Now AI Self-Improvement’s high level is:

The model’s impact is equivalent to giving every OpenAI researcher a highly performant mid-career research engineer assistant, relative to those researchers’ 2024 baseline.

When you put it that way? It sounds scary AF. Note that this is cumulative help that is about as good as giving them the highly performing assistant, which is a lot less capability than being able to do the assistant’s job. So it is a little weird. It’s also weird that it isn’t better represented as an X% speedup of work (e.g. 50% or 100%). I’d imagine giving everyone one strong assistant would be in that range.

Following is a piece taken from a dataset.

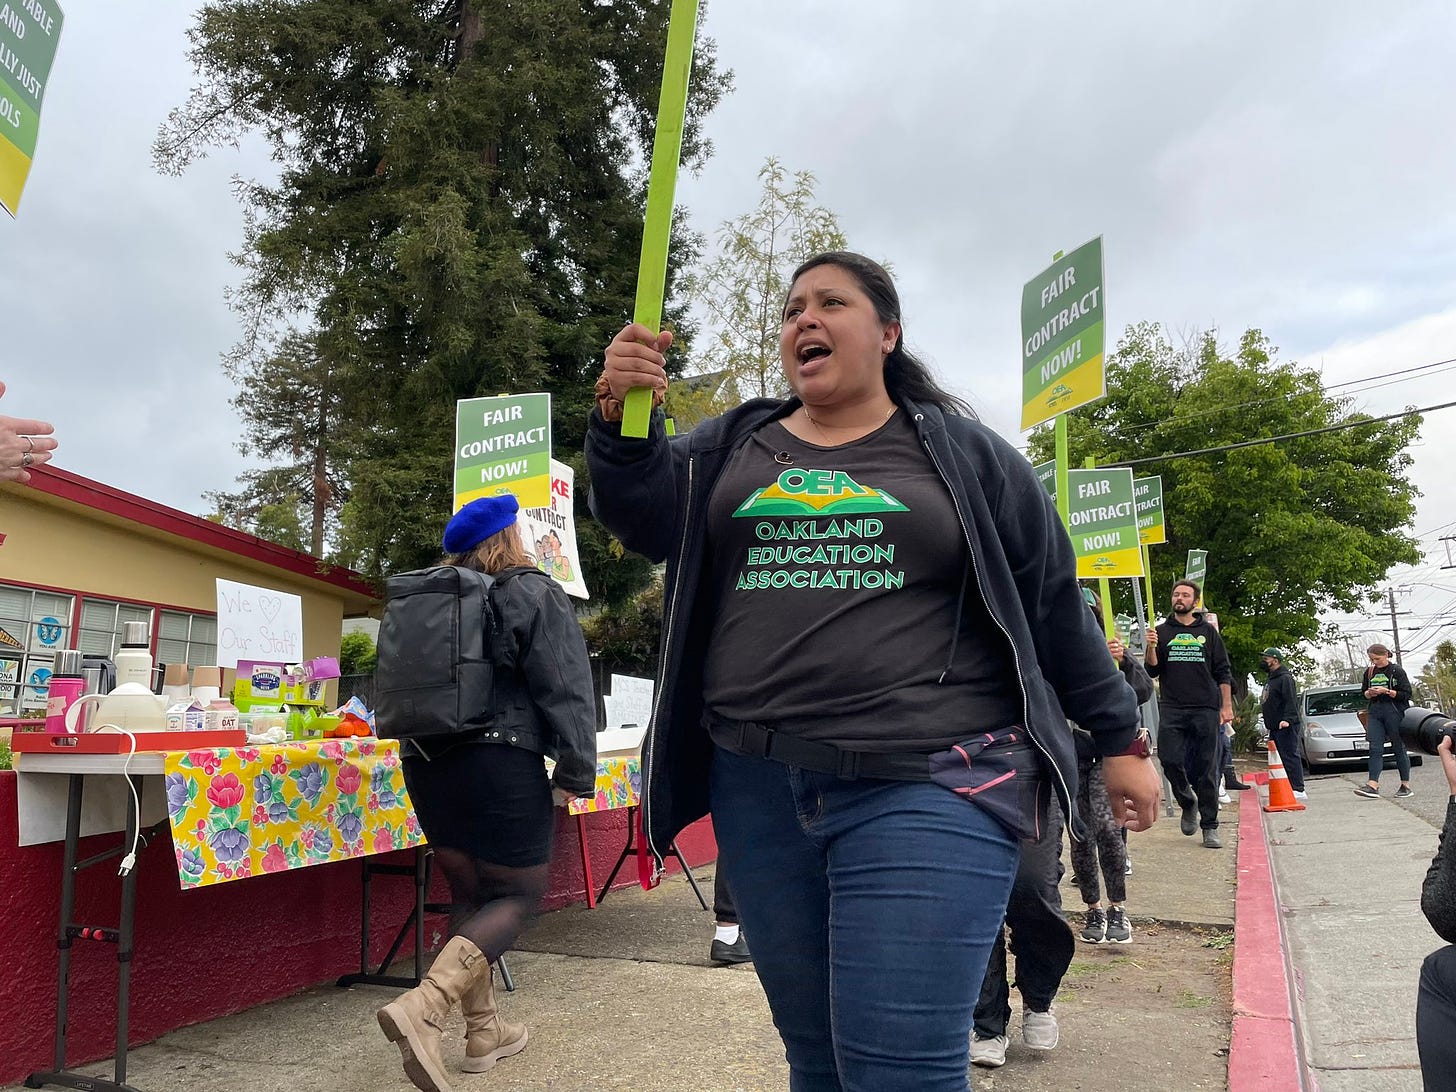 A person holds a sign on a picket line while wearing an Oakland Education Association shirt.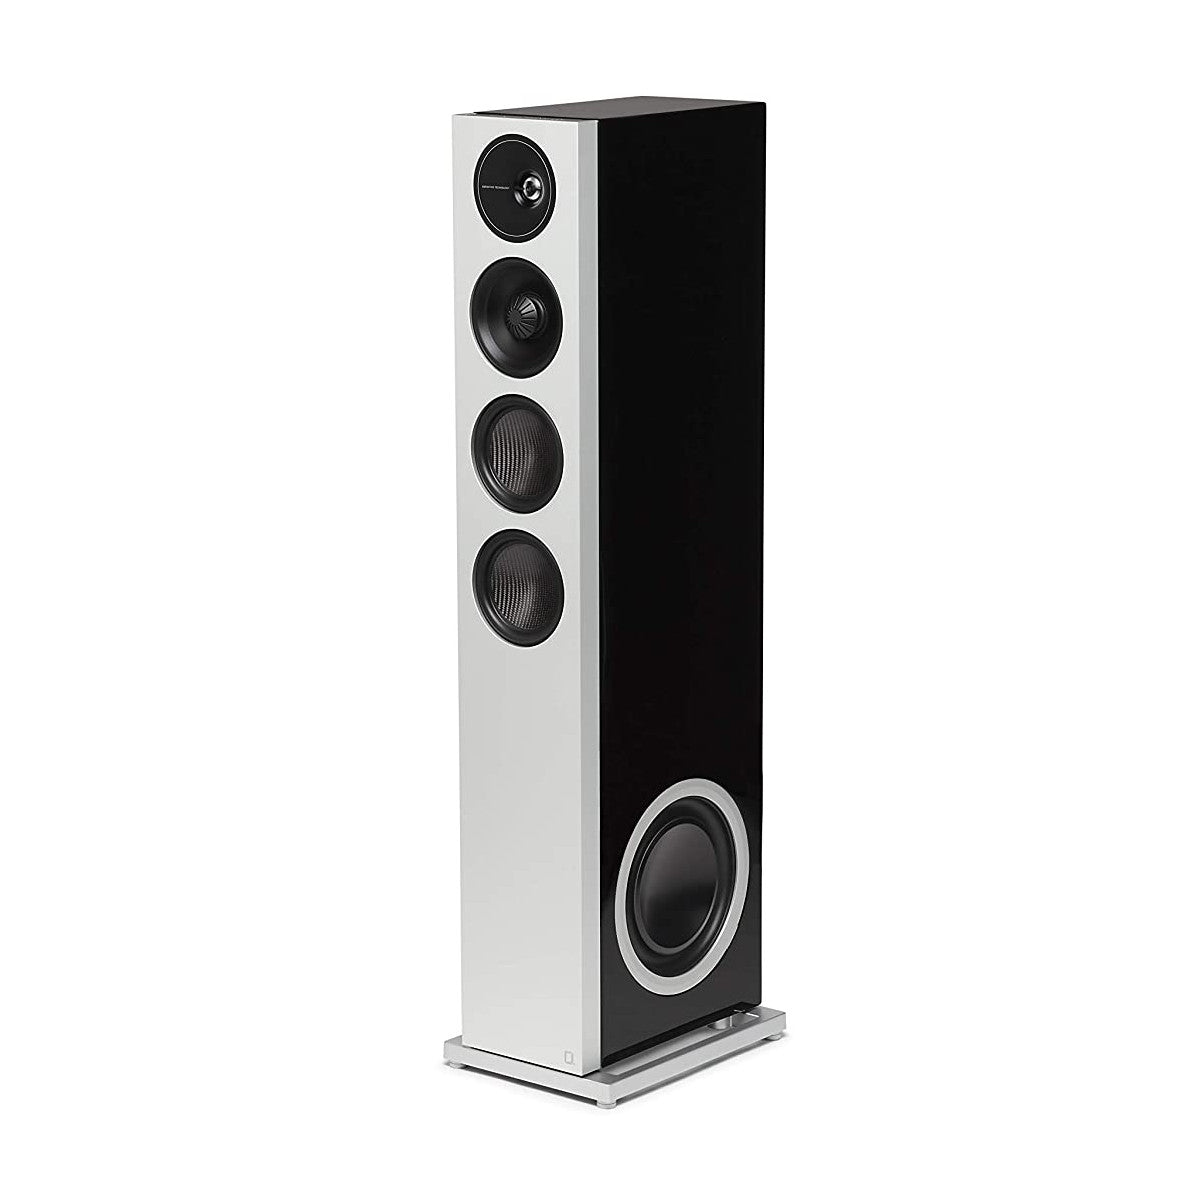 Definitive Technology D17 High-Performance Tower Speaker - Ooberpad India

Then again? Notice that the baseline here is 2024. Suppose the baseline was 2021. We would already be very close to this threshold right now, today. So why do we get to ‘start the clock’ in 2024 on this one? Or are we ready to say that we’re already in or close to the early stages of AI self-improvement, and we’re basically fine with that until it goes a lot faster?

I’ll quote the critical threshold in full:

  1. The model is capable of recursively self improving (i.e., fully automated AI R&D), defined as either (leading indicator)

    1. a superhuman research scientist agent OR

    2. (lagging indicator) causing a generational model improvement (e.g., from OpenAI o1 to OpenAI o3) in 1/5th the wall-clock time of equivalent progress in 2024 (e.g., sped up to just 4 weeks) sustainably for several months.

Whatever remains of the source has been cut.